В то самое время, как в «Теоретической философии» Соловьев писал о самозванце, декартовском (и своем собственном прежнем) субъекте, он в «Трех разговорах» разоблачал «антихриста как религиозного самозванца». Самозванец пришел в мир интересно когда: внутри определенной философской ситуации, когда рассыпался, с одной стороны, материализм, «представление о вселенной как о системе пляшущих атомов» (740; мы помним, что к атомизму сводится в «Критике отвлеченных начал» всякий материализм или реализм), а с другой — всякий идеалистический догматизм. Люди должны были соответственно думать и искать начиная с нуля. Тут появился сверхчеловек, в котором трудно не угадать самого Соловьева. «Помимо исключительной гениальности, красоты и благородства, высочайшие проявления воздержания, бескорыстия и деятельной благотворительности, казалось, достаточно оправдывали огромное самолюбие великого спиритуалиста, аскета и филантропа…» (740). Двойник отличается от Соловьева только одним: неприятием Христа. Разрыв, по которому Соловьев отслаивается от своего жуткого близнеца, проходит больно, между силой, могуществом гениального красавца — и нищетой, могилой, распятием. Как в «Теоретической философии» Соловьев расстается с самозванцем–субстанцией (субъектом, личностью), так в повести об антихристе расстается с силой и могуществом. Мы помним, не так давно могущество требовалось, чтобы прочертить человечеству (в «Оправдании добра») путь к вселенскому единению.
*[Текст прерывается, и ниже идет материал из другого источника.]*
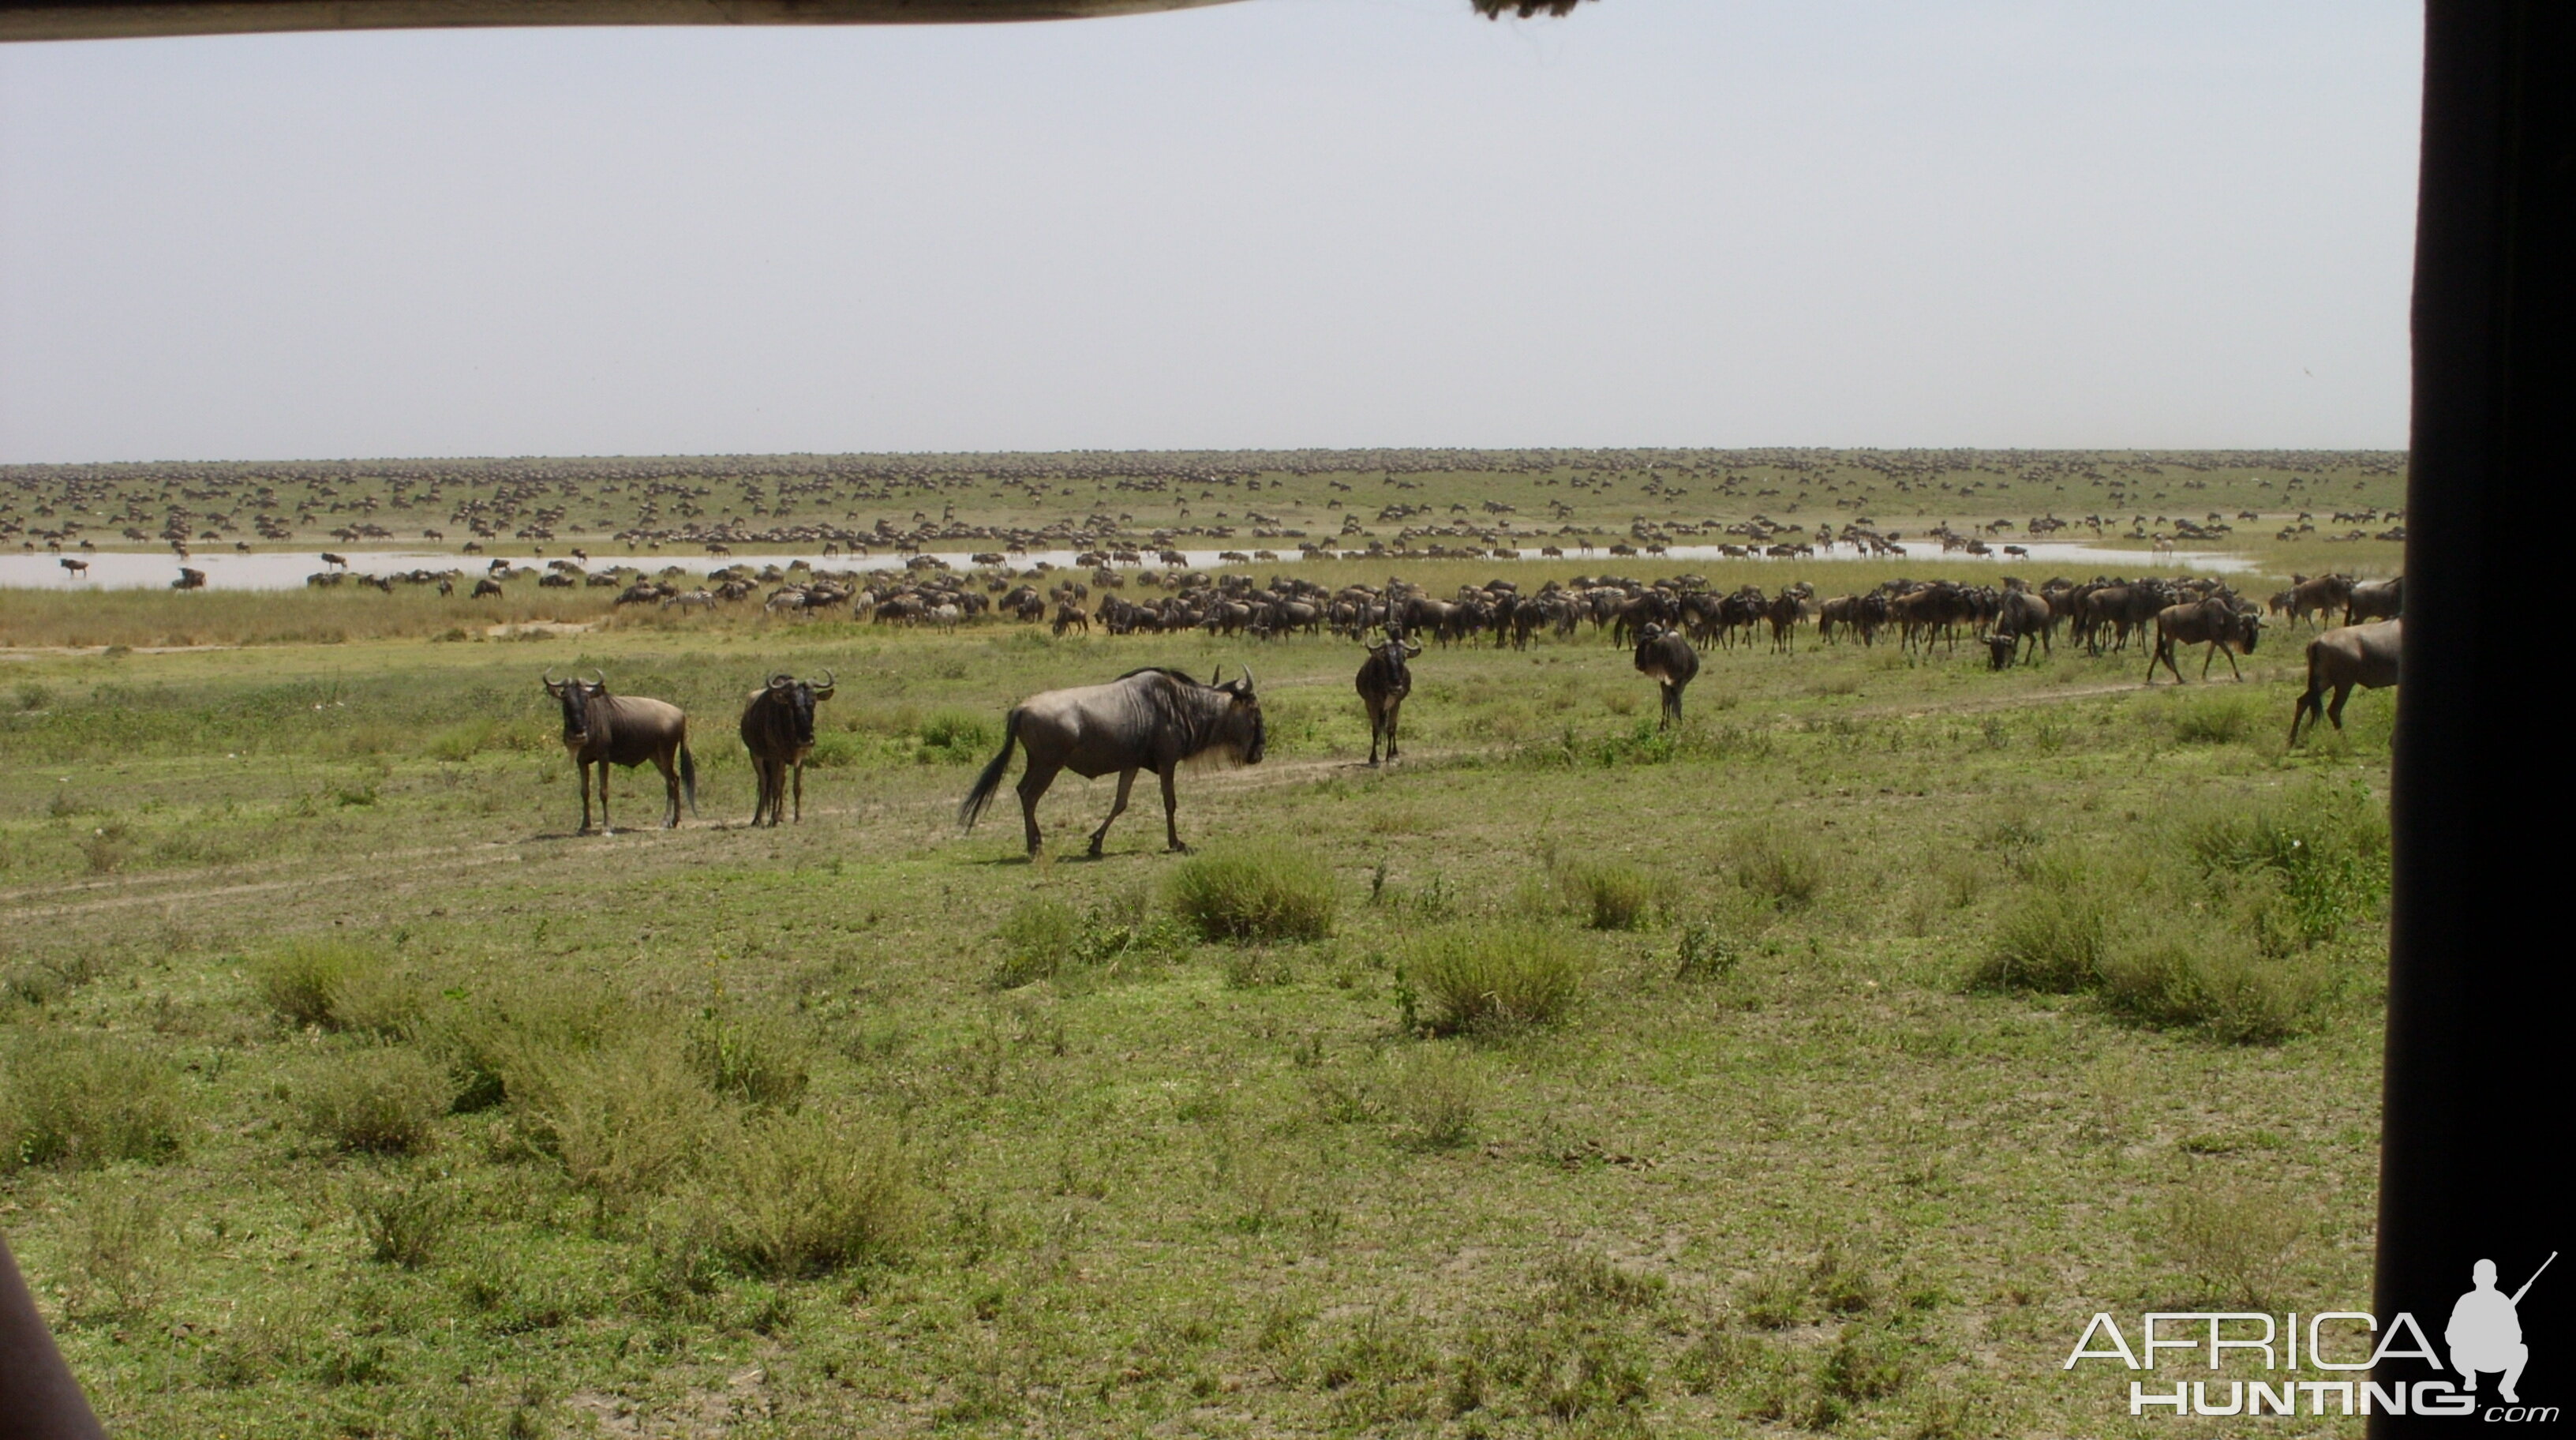 Wildebeest as far as the eye can see - Tanzania

Соловьев критикует «Декарта» не за постановку проблемы достоверности, а за способ ее решения. Саму проблему, безусловную, последнюю истину знания, Соловьев ставит так же. Декарт для него просто «слишком поспешно… стал строить догматические карточные домики на зыбком песке полунаивного, полупедантичного реализма» (788). Не надо было ему спешить, пририсовывать к мысли как чистой данности мышления, cogito, еще и не принадлежащий к столь же несомненной данности субстрат, субъекта. Надо было дать полную волю предположению, «что весь окружающий… мир может быть сновидением, произведением… мысли или обманом… чувств» (787). Конечно, мы скорее всего не под перманентным гипнозом. Но в конечном счете вполне достоверной проверки, а стало быть, и вообще никакой настоящей философии не дождаться «без предварительного сомнения во всех (подчеркивает Соловьев) догматических взглядах» (788). Ничего не получится, ничего не получим, если сначала не отпустим сомнение гораздо дальше, чем его отпустил Декарт.
Всерьез поэтому допустим, что все иллюзия, сон. Меня называют, да и я сам считаю себя доктором философии, вроде бы как же иначе: вот мои печатные труды по специальности, в таком–то году я защищался, тогда–то читал курсы лекций. Ну и что? Как мне мерещится, что я доктор философии, так наваждение и ученые труды и курсы лекций. Мне чудится, что я читал их в Москве, но возможно, «самой Москвы вовсе нет в действительности… этот город со всеми улицами и церквами в нем… все это существует только в моем сновидении» (790). Когда все так рушится, абсолютно достоверного остается очень мало, уж во всяком случае не субъект как личность, а разве что «феноменологический субъект»: тот, в ком наличествует то, что в нем наличествует (791). Этого субъекта можно определить только так: он не больше, чем тот, в ком присутствует мысль «я доктор философии Соловьев».
Соловьев повторяет, настаивает: необходимо «распространить предварительное сомнение равномерно на обе стороны мыслимого — как на предметы внешнего мира, так и на субъекта собственной душевной жизни» (793). Мыслимое, наличность, т. е. сознание, отстригается аккуратно и от внешнего и от внутреннего. Почему, однако, нельзя распространить сомнение и на акт сознавания. В самом деле, кто достоверно знает, что именно наличествует и наличествует ли вообще. Только кажется, что в недостоверности можно удостовериться и что сомнение в наличии тоже неким образом наличествует. А вдруг мы сомневаемся и в сомнении, не зная, есть ли сомнение или его нет, и в этом сомнении о сомнении тоже сомневаемся? можно ли теперь сказать: стало быть, несомненно наличествует эта мешанина?
Едва ли. Когда мы говорим: «налицо сомнения в несомненности», мыслительные инструменты перестают работать. Теоретическая достоверность снова ускользает. Соловьев надеется: «Нельзя ни в каком случае сомневаться в одном: в наличной действительности, в факте, как таком, в том, что дано. Сознается присутствие таких–то ощущений, мыслей, чувств, желаний, следовательно, они существуют как такие, как сознаваемые, или как состояния сознания». Почему, только что опрокинув всякий догматизм, Соловьев прописывает эту фразу, «нельзя ни в коем случае (!) сомневаться»? (793).